You mention using "attic check" to guard against bitrot on the provider's storage. How is this in terms of bandwidth used? Does it have to transfer every byte or does it compute a checksum on the encrypted data (since rsync.net doesn't have the raw data) and just send that?
It would be a case of multiple machines each backing up their /etc, /home, /var, etc to one place.
A quick Google search gives me the feeling that it runs under FreeBSD's Linux emulation and the port seems to break occasionally. I could run it on a real Linux in a VM on FreeBSD though, so that's a potential option.
Duplicity is a pretty straight good old-fashioned incremental backup program.
Duplicacy on the other hand is hash-based deduplication (BorgBackup / Attic, Restic etc. are some others).

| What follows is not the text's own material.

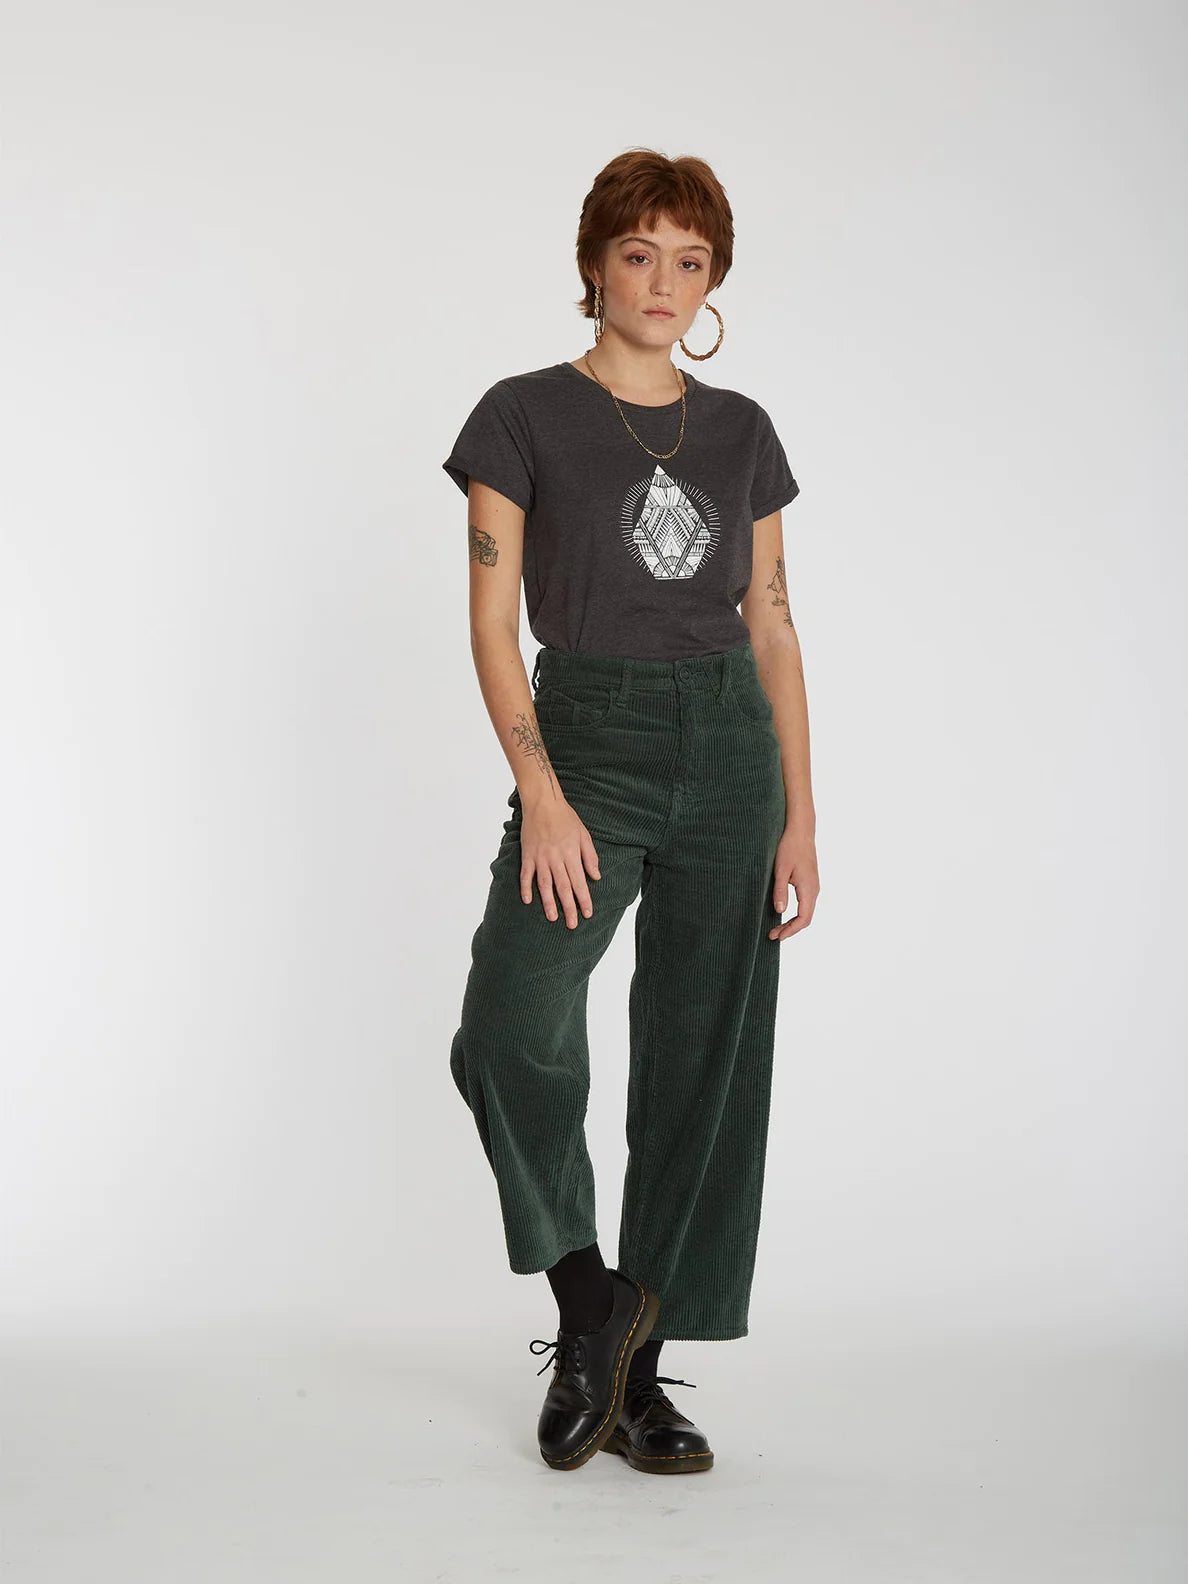 Camiseta Chica Volcom Radical Daze Tee Charcoal | Camisetas manga corta de mujer | Volcom Shop | surfdevils.com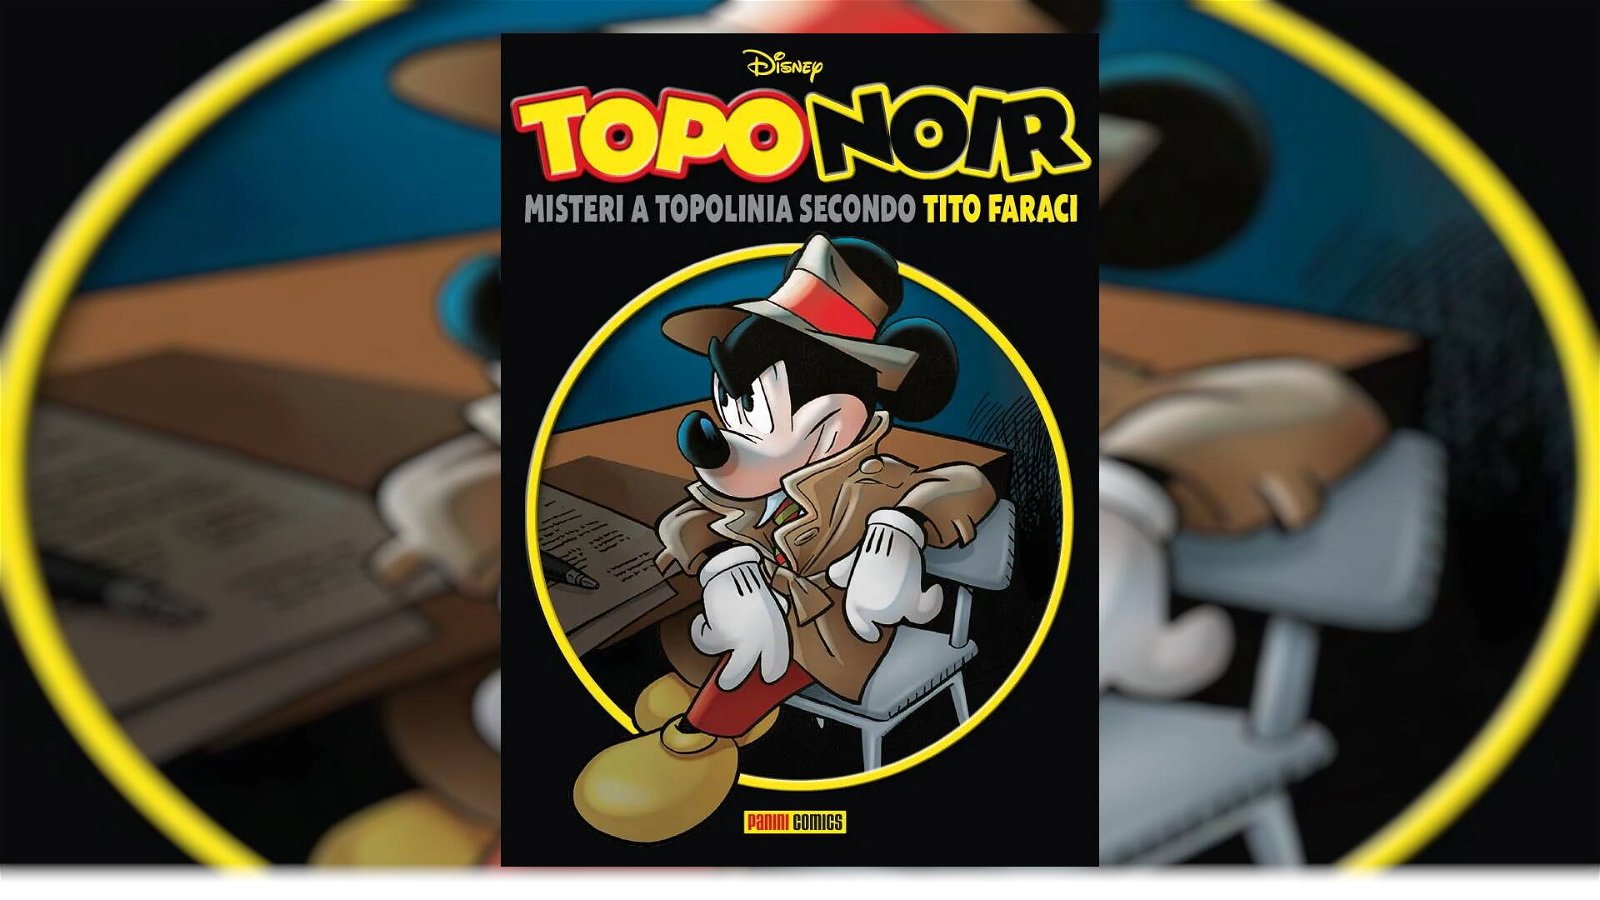 Immagine di TopoNoir 1: misteri Disney secondo Tito Faraci, la recensione

The design of Duplicacy is slightly different from that of e.g. BorgBackup. Duplicacy, as the title says, uses a lock-free approach. BorgBackup and the handful of open source tools in the same spirit use a synchronized approach.
The only question remaining would be the amount of data (i.e. filenames) you'll have to download per amount of data in the backups, which you can vary by adjusting the chunking size.
[1]: https://github.com/borgbackup/borg
[2]: https://restic.github.io/
[3]: http://docs.aws.amazon.com/AmazonS3/latest/API/RESTBucketGET...
Edit: Of course, because S3's PUT OBJECT[4] is idempotent in this case (i.e. ignoring hash collisions as their probability should be orders of magnitude lower than a doomsday scenario), you could of course just transfer each chunk every time. Realistically, all this would do is hog your bandwidth and ruin your performance. That's why it's possible to make the whole thing lock-free; otherwise you could always run into the problem of uploading the same chunk twice.
[4]: http://docs.aws.amazon.com/AmazonS3/latest/API/RESTObjectPUT...